GB: Em primeiro lugar, gosto da expressão indústria cultural. Mas, não podemos esquecer que o autor é a peça fundamental desta engrenagem. Sem ele e suas criações nada haveria, nem o Creative Commons. Existem várias formas de acesso a esta indústria e a evolução tecnológica tem possibilitado que estas formas se multipliquem em uma velocidade assustadora. Entendo que os autores podem, cada vez mais, optar pela forma com que autorizarão a divulgação de suas criações, quer de forma gratuita ,quer onerosa. A legislação autoral não os obriga a alienar parte ou totalidade de seus direitos, mas fixa regras de negócio que estão sendo reinventadas. Não penso, entretanto, que a liberação de direitos seja a melhor maneira desta reinvenção. Os autores vivem da exploração de suas criações. Se os chamados “intermediários” também se beneficiam é porque foi escolhido um modelo de negócio que deles necessita. Não podemos radicalizar e dizer que a salvação para os autores “explorados pela indústria cultural” é liberar seus direitos autorais. Isso só seria aceito num mundo onde só houvesse bem e mal, certo e errado, e a evolução tecnológica só nos mostra que existem muitos caminhos entre pólos tão distintos. Aliás, me parece também que o Creative Commons é um intermediário.
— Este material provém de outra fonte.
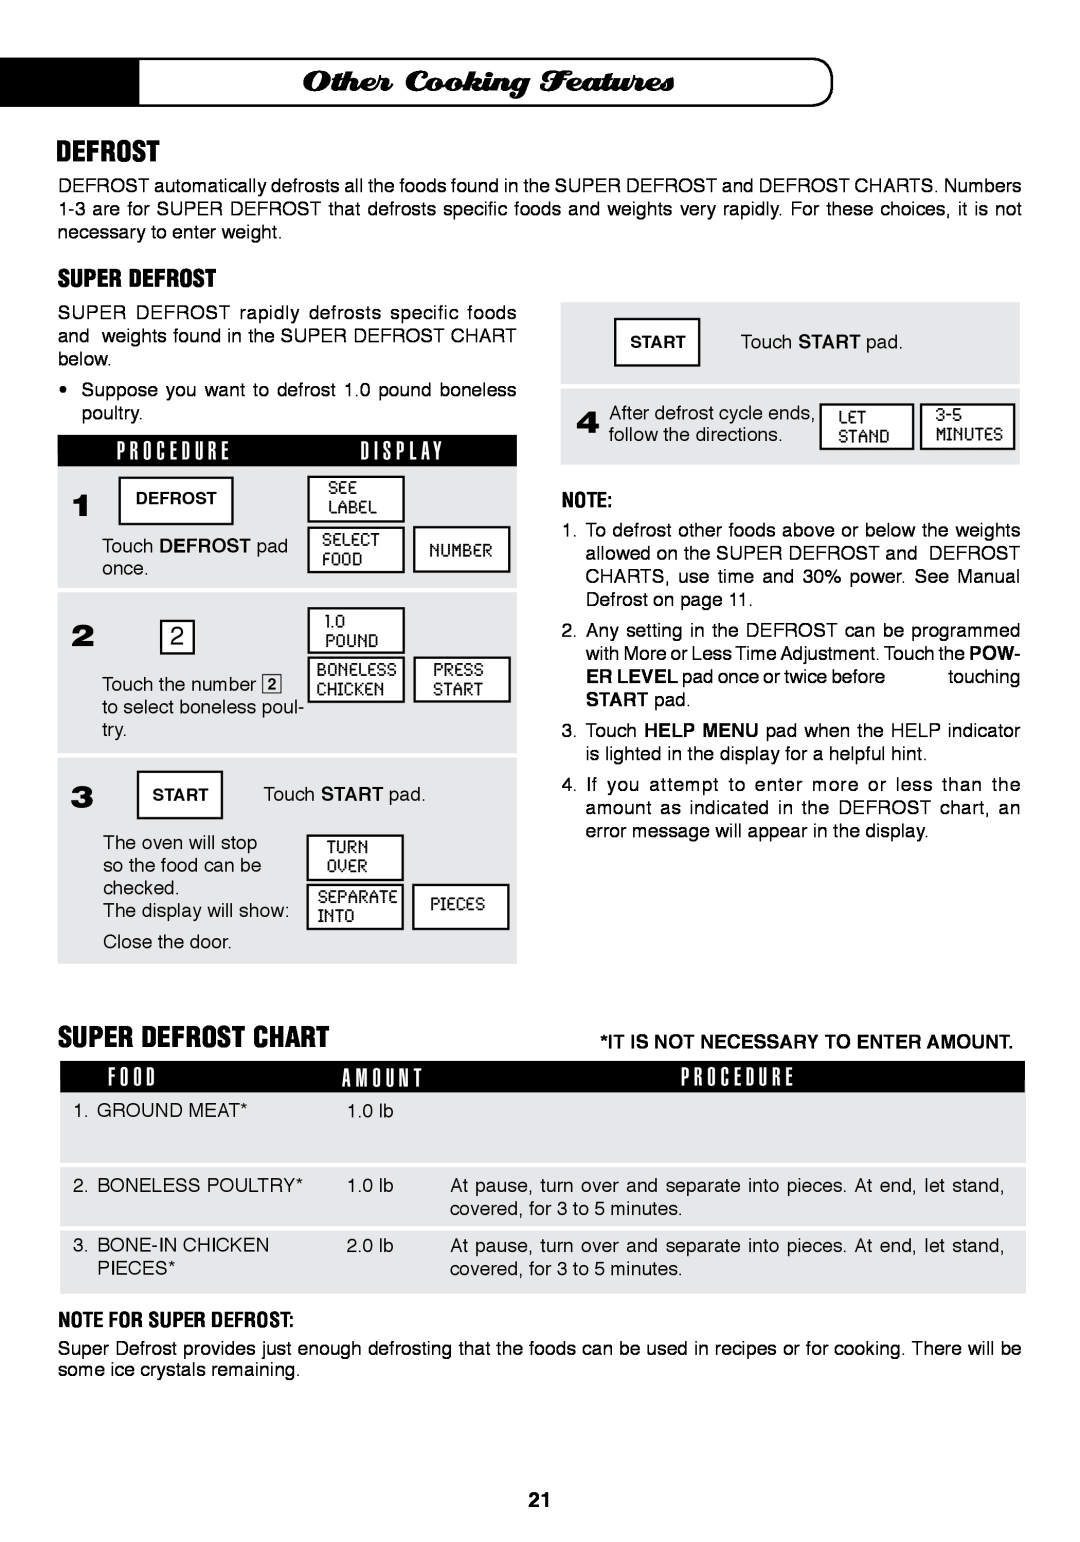 Fisher & Paykel MO-24SS Super Defrost Chart, Note For Super Defrost, Other Cooking Features, D I S P L A Y

CeM: O ECAD está numa briga judicial de muitos anos com os exibidores, em torno da cobrança de direitos autorais das salas de cinema. Boa parte da imprensa vem tratando o assunto em tom alarmista, informando que se o ECAD “vencer a batalha”, o preço dos ingressos vai subir ainda mais. Essa afirmação tem fundamento? E por que vem sendo tão difícil receber o valor devido dos exibidores, mesmo essa cobrança sendo prevista em lei?

GB: Os exibidores alegam que o pagamento dos respectivos direitos autorais poderá inviabilizar a produção cinematográfica nacional. Esta afirmação não possui qualquer fundamento. Embora desconhecido da maioria da população, os valores referentes ao pagamento dos direitos autorais de execução pública já se encontram embutidos nos preços dos ingressos cobrados do público freqüentador das salas de cinema.

Imaginemos, por exemplo, um ingresso no valor de R$ 10,00. O que se tem pleiteado por 17 anos são apenas R$ 0,25 do preço de cada ingresso vendido para remunerar todos os compositores, músicos, intérpretes, gravadoras e editoras musicais titulares dos direitos autorais de todas as músicas da trilha sonora do filme. Não é possível que este valor onere tanto os exibidores cinematográficos, a ponto de impedir a propagação de salas de cinema pelo Brasil! Se queriam construir mais salas, por que não o fizeram até hoje, mesmo não tendo pago um só centavo de direitos autorais?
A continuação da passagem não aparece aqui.